4 Comments Can design be separated from production?

  1. AvatarSam Rose

    I really don’t think that peer production is doomed. I think it is hard for us to wrap our heads around now, on this side of future-history. Just as, i am sure it was hard for people to wrap their heads around the possibilities of highly connected personal computers back in 1981, for instance.

    The fact is that the barrier is being significantly lowered in design, rapid prototyping, distribution, fabrication, manufacturing, finance, and marketing.

    We are not yet at the point where people can put all of these pieces together to make a “car”, or other mass-produced consumer product.

    However, I think that we are going to see something different than a 1:1 replacement for mass production.

    What I think we are going to see emerge first are tested useable design technology “foundations” that will be Open Design oriented. These will emerge from designs that hobbyists are playing around with right now, like the open source car, open source controllers, open source house designs, etc. Lead users, Pro-Ametuer, enthusiasts, etc, are right now starting to create these open designs. I think that they will begin to use rapid prototyping technology more and more to test their designs, all the while sharing the evolution of these open technologies online.
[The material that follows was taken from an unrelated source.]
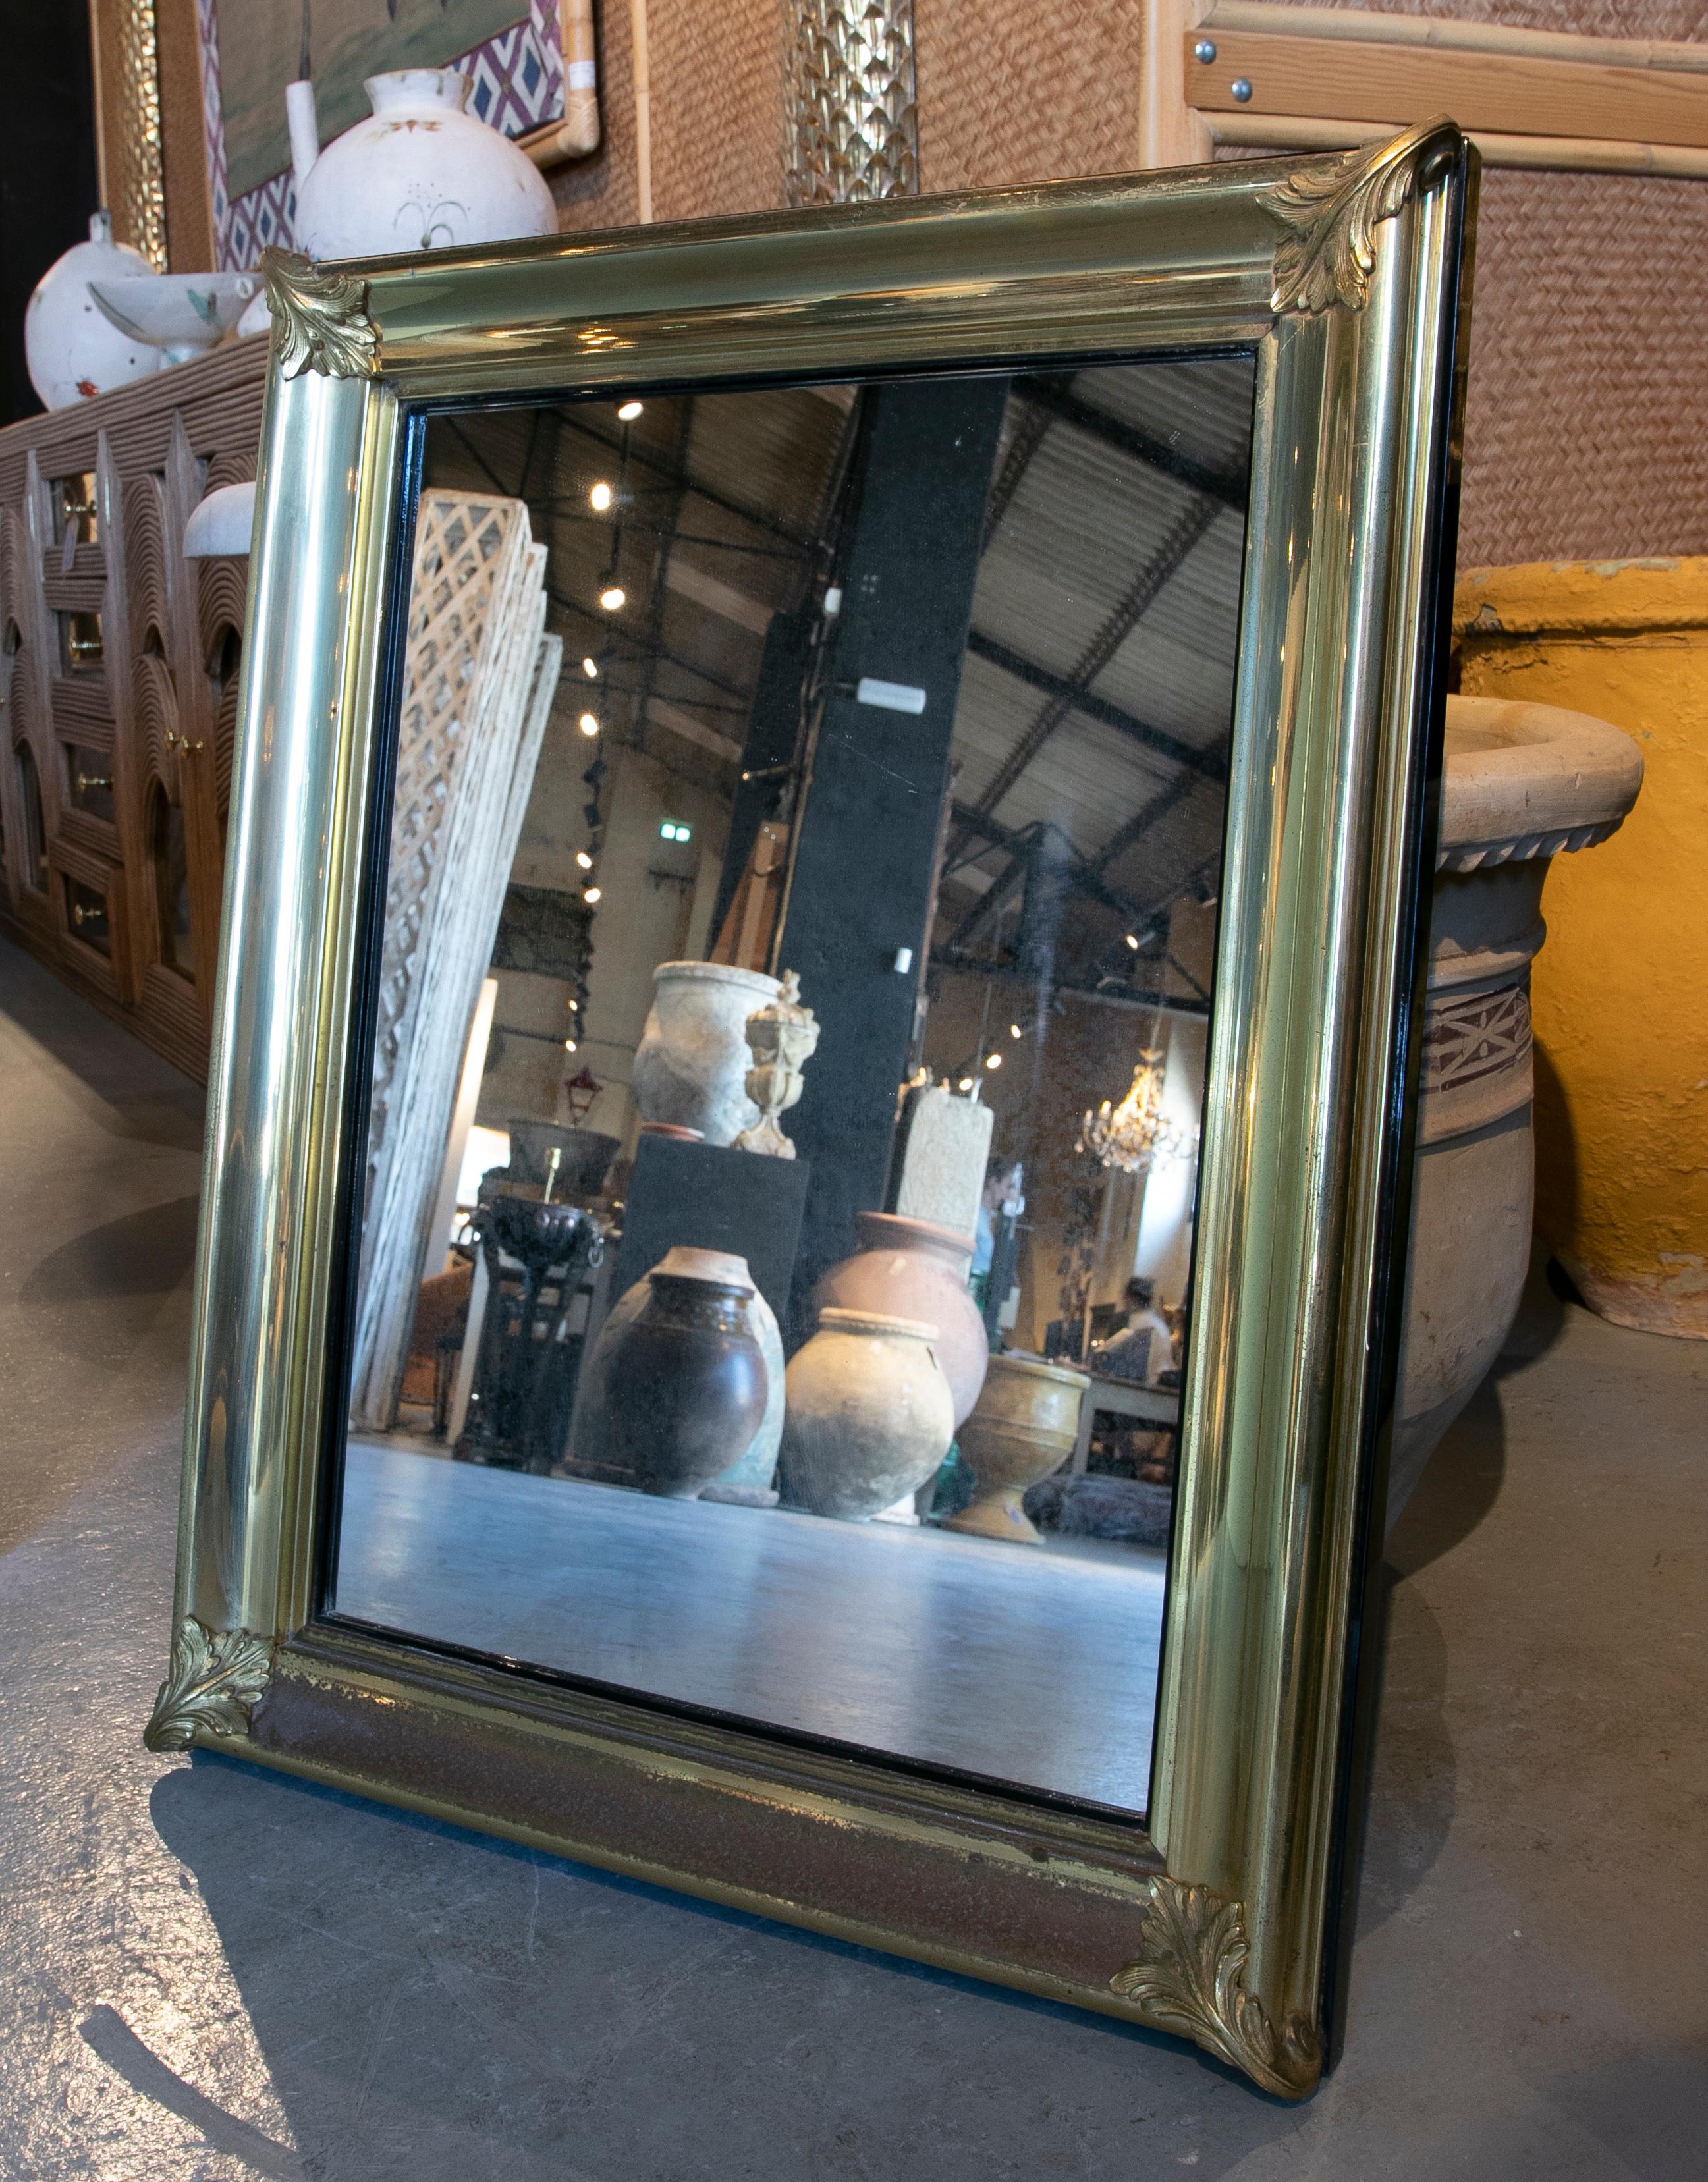 1970s Wall mirror made of metal and bronze. It has a wide frame with ornaments in the corners; plus said frame has a golden patina.

    The “heavy manufacturing” that we see in huge factories could emerge from this in at least a couple of different ways:

    * It could be easily be replaced by many smaller custom-crafting shops who have the abilty to quickly retool and manufacture based upon the open design base, and open design standards that will inevitably emerge.

    * Large industries could also emerge based around open designs. Think about the origins of Apple Computer.

    I think that both of these will happen. The first possibility is something that I am going to explore here locally in Michigan, where traditional mass manufacturing jobs (like Automobile manufacturing) are leaving. This leaves a large technically-skilled work force who tend to leave the area to find similar work elsewhere. I believe these people could find employment in smaller fabrication speciality shops that are increasingly in-expensive to create and mainatain, and could base their fabrication around open design. We are still a little far off from this, but I think that just a few examples could really show how workable it is.

    I think that this will start to gain a critical mass of enthusiasts over time, for different areas of design and prototyping. I think this will eventually start to attract people who can envision putting together teams of people in “value chain” networks, that can create many short-run or medium-run versions of different technologies. This will allow people to have the exact kind of car they want, the exact kind of furnace they want, the exact kind of furniture, computer, etc etc etc, within the bounds of the design bases and fabrication limits of the teams or groups that are out there. So, ther will still be real limits, but if I want a 3 wheeled super aerodynamic vehicle that is electric/diesel/solar/bio-fuel with satellite radio, bluetooth, mp3, gps, for around 30,000, then this might be the route for me to go to get it.

    Plus, you would have the possibility of p2p financing, etc.

  2. AvatarKevin Carson

    I fully agree with your observations about opening up and distributing the production process itself. I’m just having a hard time understanding why any of this should come as a surprise, or why it should be discouraging to advocates of peer production.

    Of course old-style manufacturers (vertically integrated oligopoly corporations) are going to keep their production processes closed and proprietary.

    And of course peer production will have to develop outside the old hierarchies, through an alternative system of bottom-up networks.

    Isn’t that the point? To borrow terminology from the old Wobbly slogan, peer production is part of the “new society” we are building, and the corporate dinosaurs are the “shell of the old.”